Шрифт:
Интервал:
Закладка:
Нынешнее свое занятие – дагерротипы – он считал совершенно неважным и наверняка не более постоянным, чем предыдущие. Он взялся за это искусство с беспечной готовностью любителя приключений, которому нужно заработать на хлеб. И он готов был отбросить это занятие с той же легкостью, как и прочие, достаточно было решиться получать тот же хлеб иными способами. Но самым примечательным и, возможно, ярче всего свидетельствующим о необычайной уравновешенности молодого человека был тот факт, что при всей этой постоянной изменчивости он никогда не терял самого себя. Будучи бездомным, постоянно меняя место жительства и, следовательно, не заботясь ни о мнении общества, ни о мнении отдельных людей, снимая одну маску, натягивая другую и готовясь сменить ее третьей, он никогда не переставал быть самим собой и не забывал о своей совести. Невозможно было узнать Холгрейва и не признать этого факта. Хепизба это заметила. Фиби вскоре тоже заметила это свойство надежных натур, которое располагало к своему обладателю. Однако ее не раз поражало, а то и отталкивало не столько его сомнение в человеческих законах, сколько чуждость этих законов его природе. Рядом с ним Фиби чувствовала себя неуверенно, неуютно из-за отсутствия в нем почтения ко всем общепринятым нормам, разве что эти нормы доказывали свое право на существование.
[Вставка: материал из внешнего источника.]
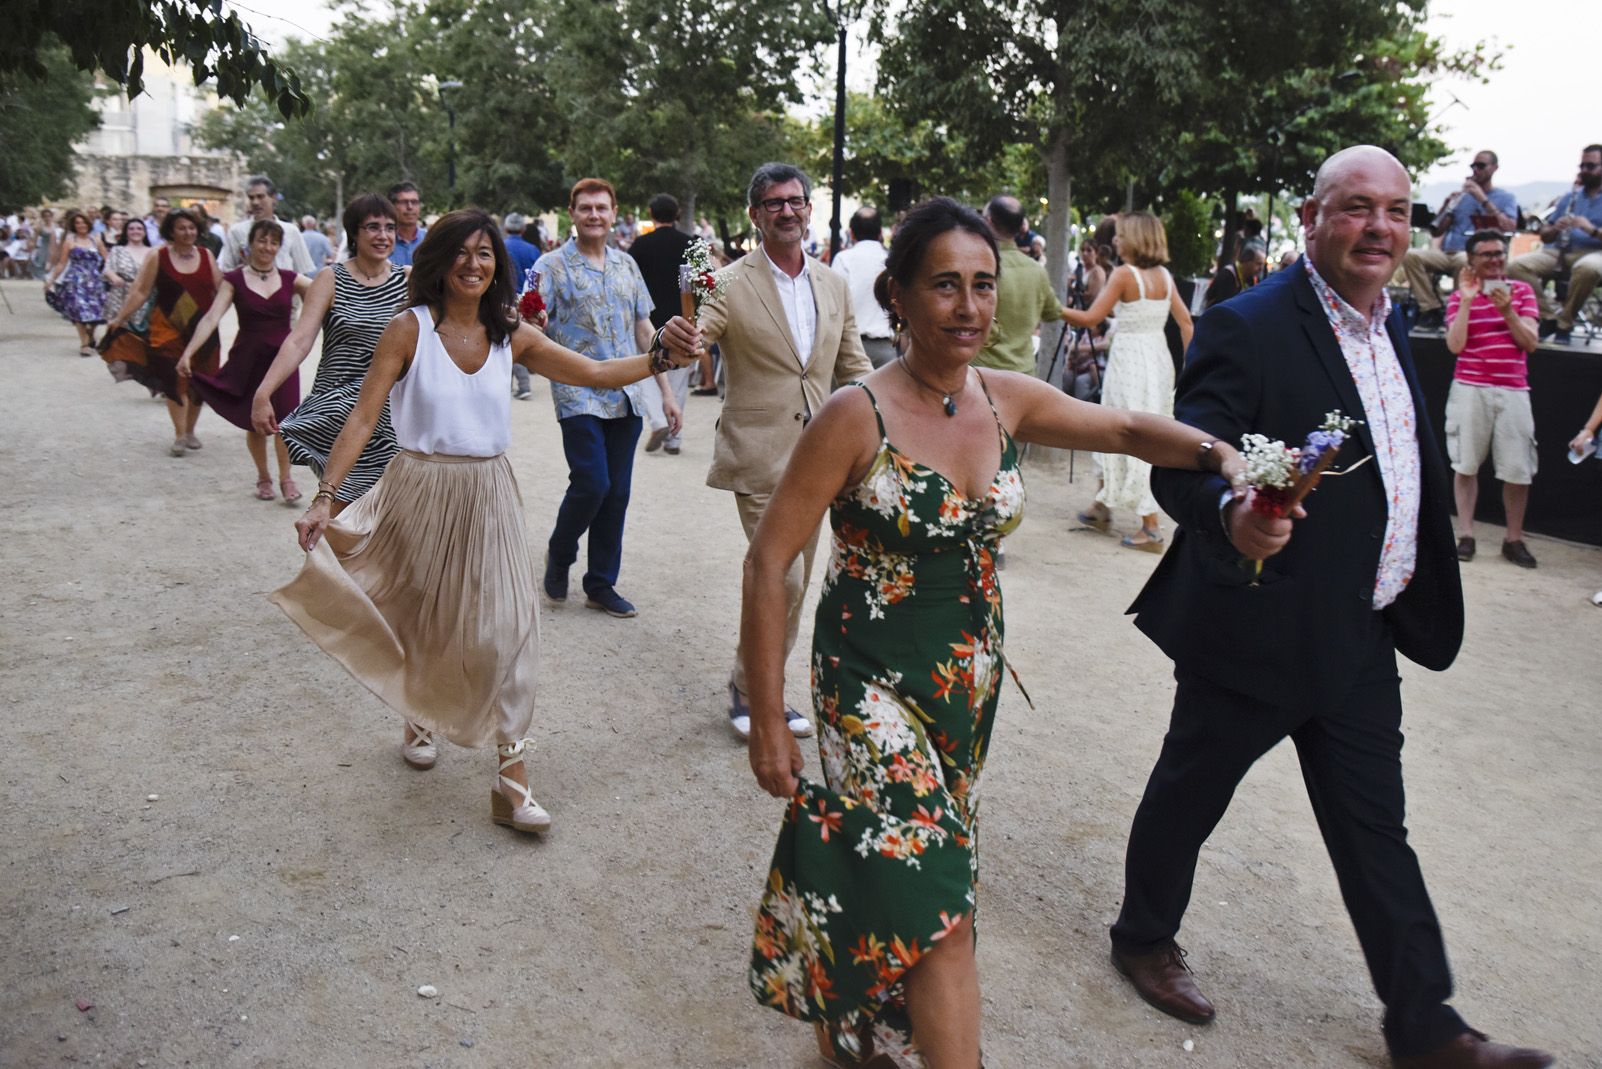 "Paga-li, Joan" El ball del vano i el ram. Foto: Bernat Millet.

Более того, она едва ли считала художника впечатлительным. Он был слишком спокойным и холодным наблюдателем. Фиби часто ощущала его взгляд, но почти никогда не чувствовала его сердца. Он внимательно изучал своих соседей и не позволял ни малейшей черте их характеров ускользнуть от своего взгляда. Он был готов сделать для них любое посильное доброе дело, но все же не сближался с ними и ни разу не демонстрировал, что, узнавая их лучше, начинает теплее к ним относиться. В своих отношениях с ними художник словно искал пищи для ума, но не привязанности для сердца. Фиби не могла понять, что же так интересует его холодный разум в ней самой и ее друзьях, раз уж они ему безразличны или почти безразличны в качестве объектов привязанности.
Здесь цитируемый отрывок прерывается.